Chris Henry

Code

Privacy-Preserving Face Recognition and Verification using a Lensless Camera

Facial recognition technology is becoming increasingly ubiquitous nowadays. Facial recognition systems rely upon large amounts of facial image data. This raises serious privacy concerns since storing this facial data securely is challenging given the constant risk of data breaches or hacking. This paper proposes a privacy-preserving face recognition and verification system that works without compromising the user’s privacy. It utilizes sensor measurements captured by a lensless camera - FlatCam. These sensor measurements are visually unintelligible, preserving the user’s privacy. Our solution works without the knowledge of the camera sensor’s Point Spread Function and does not require image reconstruction at any stage. In order to perform face recognition without information on face images, we propose a Discrete Cosine Transform (DCT) domain sensor measurement learning scheme that can recognize faces without revealing face images. We compute a frequency domain representation by computing the DCT of the sensor measurement at multiple resolutions and then splitting the result into multiple subbands. The network trained using this DCT representation results in huge accuracy gains compared to the accuracy obtained after directly training with sensor measurement. In addition, we further enhance the security of the system by introducing pseudo-random noise at random DCT coefficient locations as a secret key in the proposed DCT representation. It is virtually impossible to recover the face images from the DCT representation without the knowledge of the camera parameters and the noise locations. We evaluated the proposed system on a real lensless camera dataset - the FlatCam Face dataset. Experimental results demonstrate the system is highly secure and can achieve a recognition accuracy of 93.97% while maintaining strong user privacy.

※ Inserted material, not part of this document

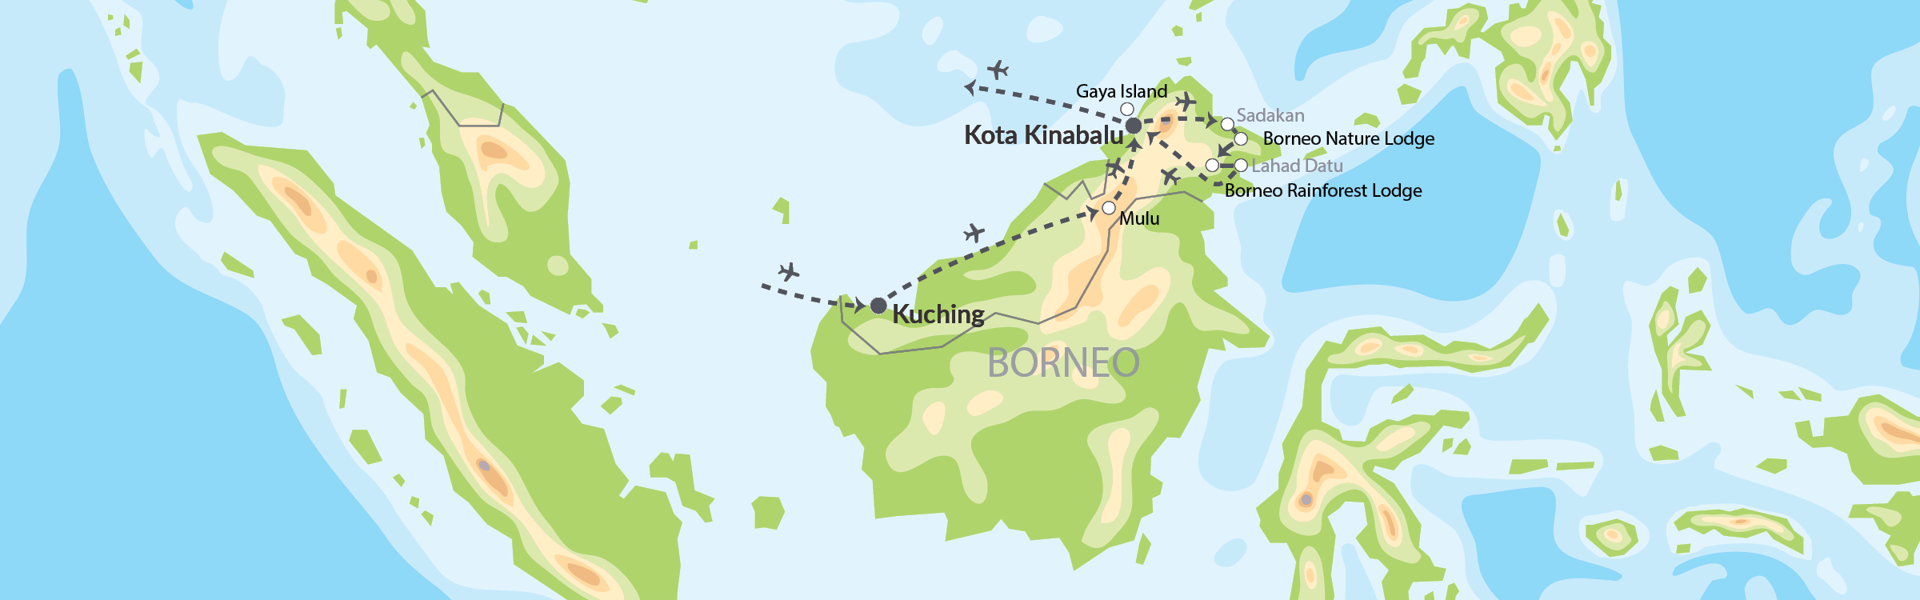 96610 Borneo Regnskov, Sandstrand Og Unikt Dyreliv

Fast Video Deduplication and Localization With Temporal Consistence Re-Ranking

The use of social media networks and mobile devices has experienced tremendous growth in recent years. This has led to a surge in the number of videos recorded and uploaded to social media platforms like TikTok and YouTube. However, this increase has also resulted in the rise of illegal duplicate videos, which are essentially the same as the original videos but with minor editing effects and variations in coding. In addition, the large number of duplicate videos is a major storage and communication efficiency issue. The task of finding duplicate videos from a large repository is referred to as video deduplication. Video deduplication is a crucial task for applications like saving storage space and detecting copyright infringement. This work proposes a fast and robust location-aware video deduplication system capable of retrieving duplicate videos from a large repository extremely quickly. In addition, the proposed system has the ability to find the precise location of the query video in the retrieved videos. To identify and localize short video clips against large video repositories, we utilize robust image-level features from keypoint aggregation and deep learning along with an efficient KNN search of query frames with a multiple k-d tree setup, giving us a set of candidate video clips. Then, a fast temporal consistence pruning algorithm re-ranks the clip-level candidates and identifies the matching clip along with its temporal location in a sequence in an efficient way. The system was tested on 1 million frame/145 hour and 4.5 million frame/636 hour repositories generated via the large-scale FIVR-200K and VCSL datasets, respectively. The proposed system achieves a recall of 98.8% and 94.1% for the FIVR-200K and VCSL datasets, respectively. A query frame is searched as fast as 83.96ms and 462.59ms from a 1 million frame/ 145 hour and a 4.5 million frame/636 hour repository, respectively. These experimental results demonstrate that our system is highly accurate and that the time consumption is extremely low for retrieving video along with its timestamp information from large-scale repositories.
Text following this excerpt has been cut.